Certain traditional Vietnamese meals (especially desserts) are specifically cooked during death anniversary banquets in Vietnamese culture. In addition, the favourite meals of the individual being remembered are prepared. Chicken, beloved meat in Vietnam, is frequently prepared as well. Small stuffed glutinous rice flour balls wrapped in leaves known as bánh t are a popular delicacy in Central Vietnam. Because preparing so many intricate foods takes so much time, some families opt to buy or pay caterers to cook certain dishes. A soft-boiled egg is also commonly prepared and then delivered to the oldest grandson.


Sri Lanka


Death anniversaries are regularly observed in Sri Lanka after seven days, three months, and one year.


They invite a Buddhist monk, neighbours, and relatives to their home at night after 7 days (nearly 7 pm). With Buddhist teachings, the monk offers to advise the populace. It is known as “Dharma Dna” in Sinhalese. Following that, they serve food to the guests who have been invited. After that day, they bring food to the temple or some people host almsgiving for monks at their homes. Buddhists believe that by doing so, they will receive merit.


They do the same for three months and a year. Some people invite monks to their homes late at night and host a Pirith chanting session. On the three-month anniversary of a person’s death, this is a frequent practice.


You can find solace in revisiting a specific area you frequented with your loved one on their death anniversary. This might be a place where you spent a lot of time together or where you simply had some memorable moments. It could be a cafe, a beach, a hiking trail, or a vacation place.


Being present in a physical location that meant something to you both might be a tangible method to remember priceless shared moments. Soak up the ambience and let the sights and sounds transport you back in time.


For those who were a significant part of the dead person’s life, the anniversary of their death is usually a day of mourning and contemplation.
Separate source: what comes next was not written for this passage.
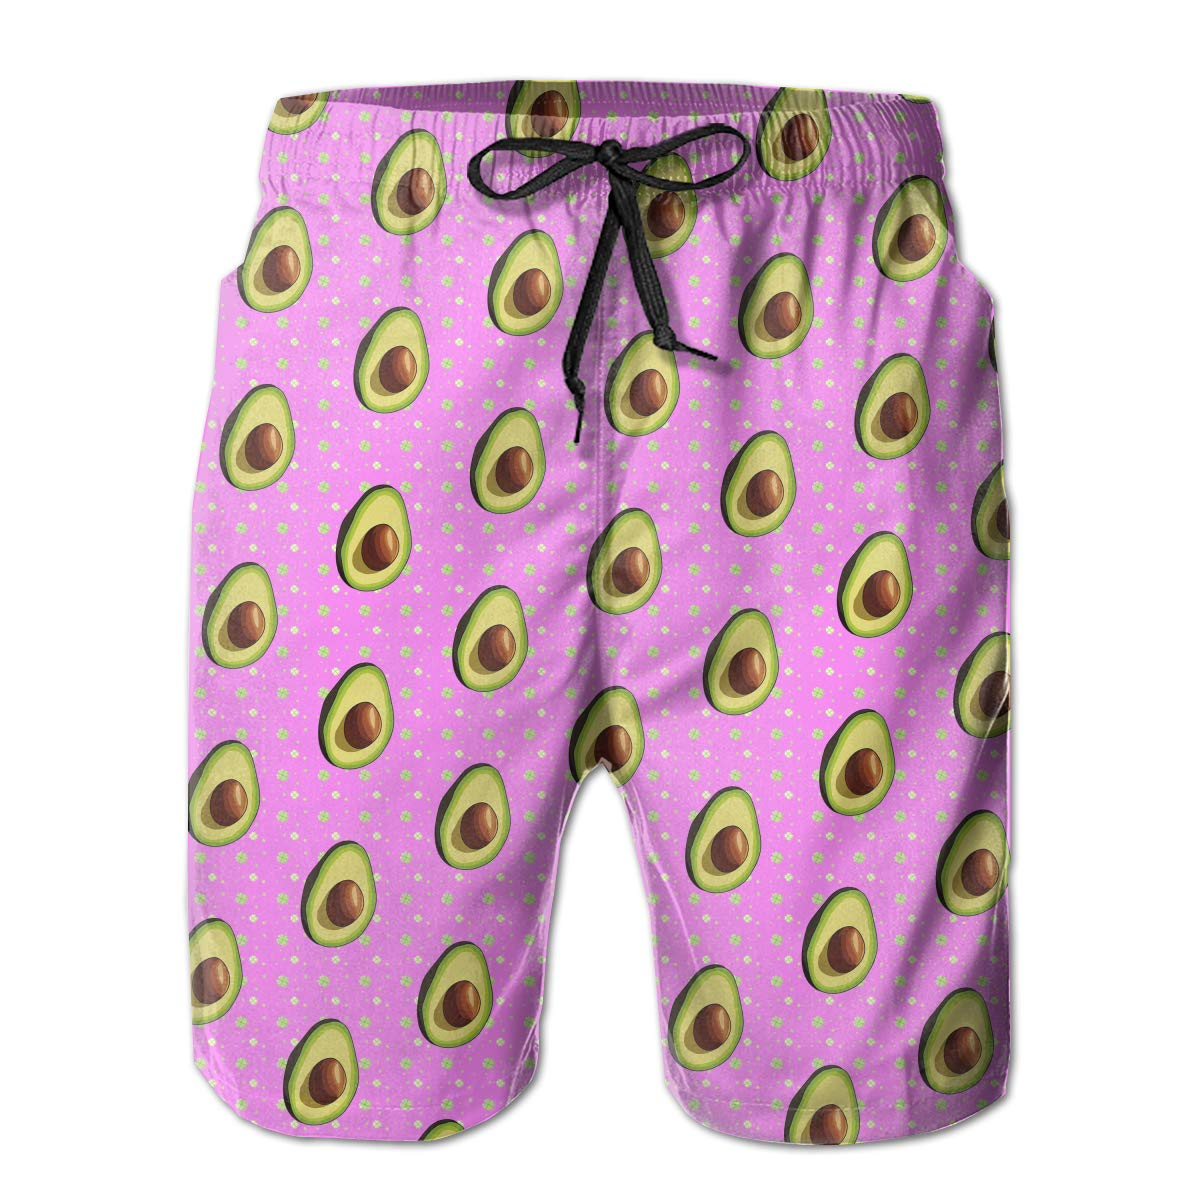 MikonsuAvocado Pattern Pink Mens Beachwear Surfing Boardshorts with Pocket

A death anniversary can be painful, but it also provides an opportunity to reflect. It’s an opportunity to reflect on the happy and humorous experiences you shared with your special someone, and to express gratitude for the good times.



A death anniversary might be commemorated in a variety of ways. Today is a day to honour and thank your loved ones for the gift they have given you, as well as to honour and thank them for the life they have led, in any way that feels appropriate.